The research team, led by Italian scientists, modified the LIMK1 protein, which is normally active in the brain and has a key role in memory, to add a “molecular switch” that is activated by the administration of rapamycin, a drug known for its various antagonists. -The effects of aging on the brain.
In animals suffering from age-related cognitive decline, the use of this gene therapy led to a “significant improvement in memory,” according to the lead author of the study, Christian Riboli, from the Sacro-Curie Catholic University (Italy), quoted by the Efe agency. .
The researchers stressed that the research “has great potential applications, improving our understanding of memory function and facilitating the identification of innovative solutions for neuropsychiatric diseases such as dementia.”
The team leader, Clauido Grassi, from Agostino Gemelli University (Italy), explained, “Memory is a complex process that involves modifications in synapses (connections between neurons) in specific areas of the brain, such as the hippocampus, which has a basic function.” Role in memory formation.
This phenomenon, known as synaptic plasticity, involves changes in the structure and function of synapses that occur when a neural circuit is activated, for example, by sensory experiences.
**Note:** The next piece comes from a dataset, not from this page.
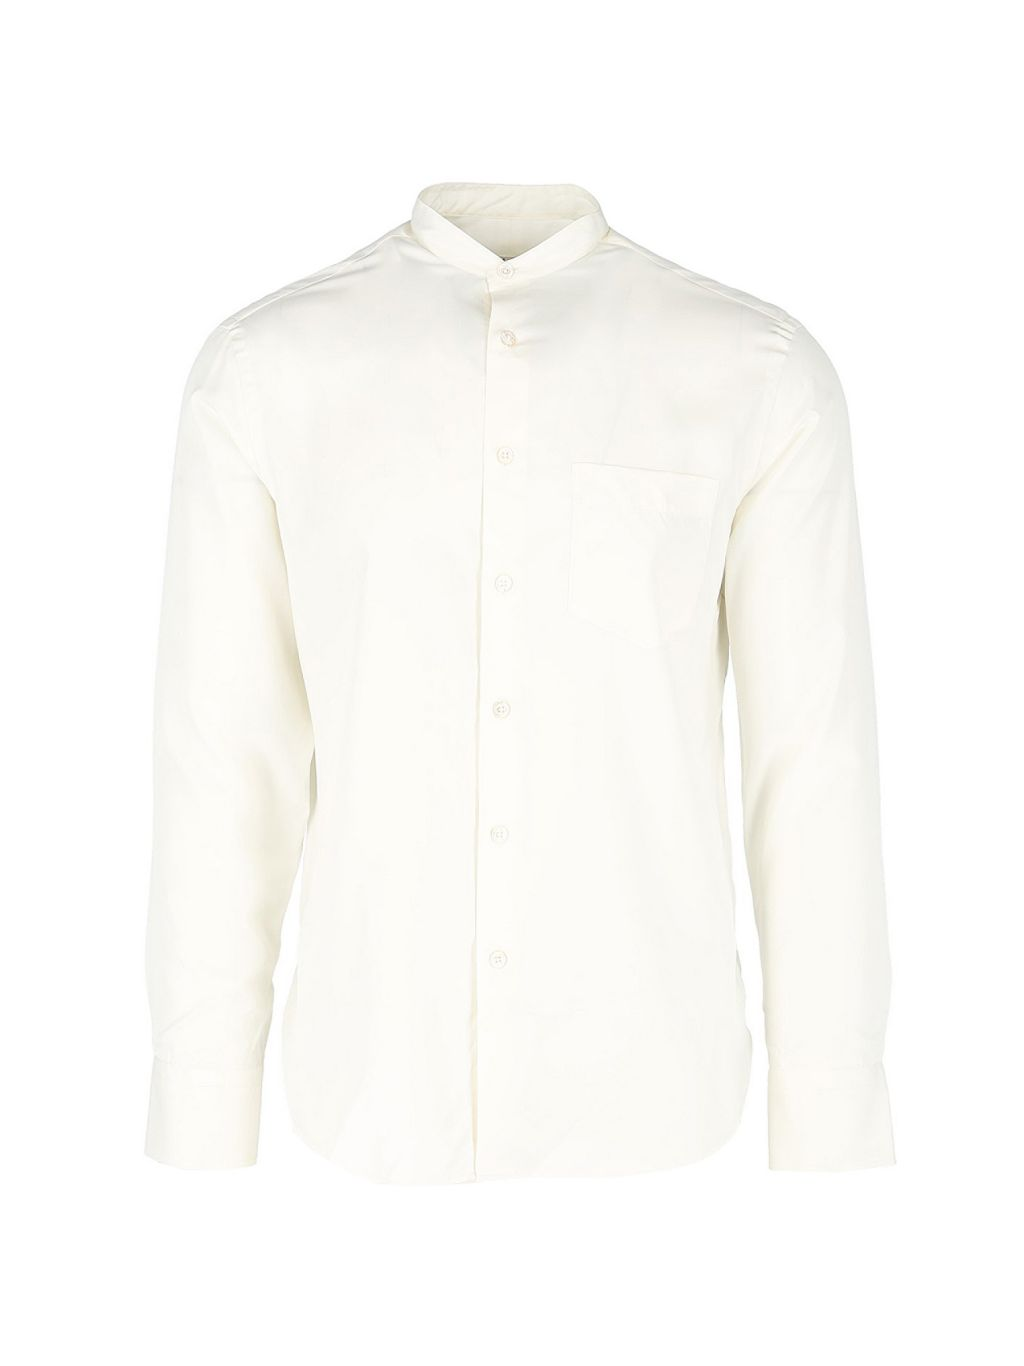 Dunhill Silk Woven Button-Up Shirt

These experiences promote the activation of complex signaling pathways in which many proteins are involved.
Some of these proteins are particularly important for memory and one of them is LIMK1, due to its role in the formation of dendritic spines in neurons, which improves the transmission of information in neural networks and is crucial in learning and memory learning processes.
Grassi explained that the goal of the study is to regulate the activity of this protein and the ability to control it using medication, which means “the ability to enhance synaptic plasticity, and thus the physiological processes that depend on it.”
The key to this strategy, which combines genetics and chemistry, is related to the use of rapamycin. Modifying the LIMK1 protein by introducing a molecular switch that allows it to be activated by rapamycin administration.
This approach allows manipulation of synaptic plasticity and memory processes in physiological and pathological conditions, as well as “paving the way for the development of new ‘designer’ proteins that could revolutionize research and treatment in the field of neuroscience,” Riboli stressed.
The next step will be to verify the effectiveness of this treatment in experimental models of neurodegenerative diseases that cause memory “deficits”, such as Alzheimer’s disease.
Furthermore, further studies will be needed to validate the use of this technology in humans.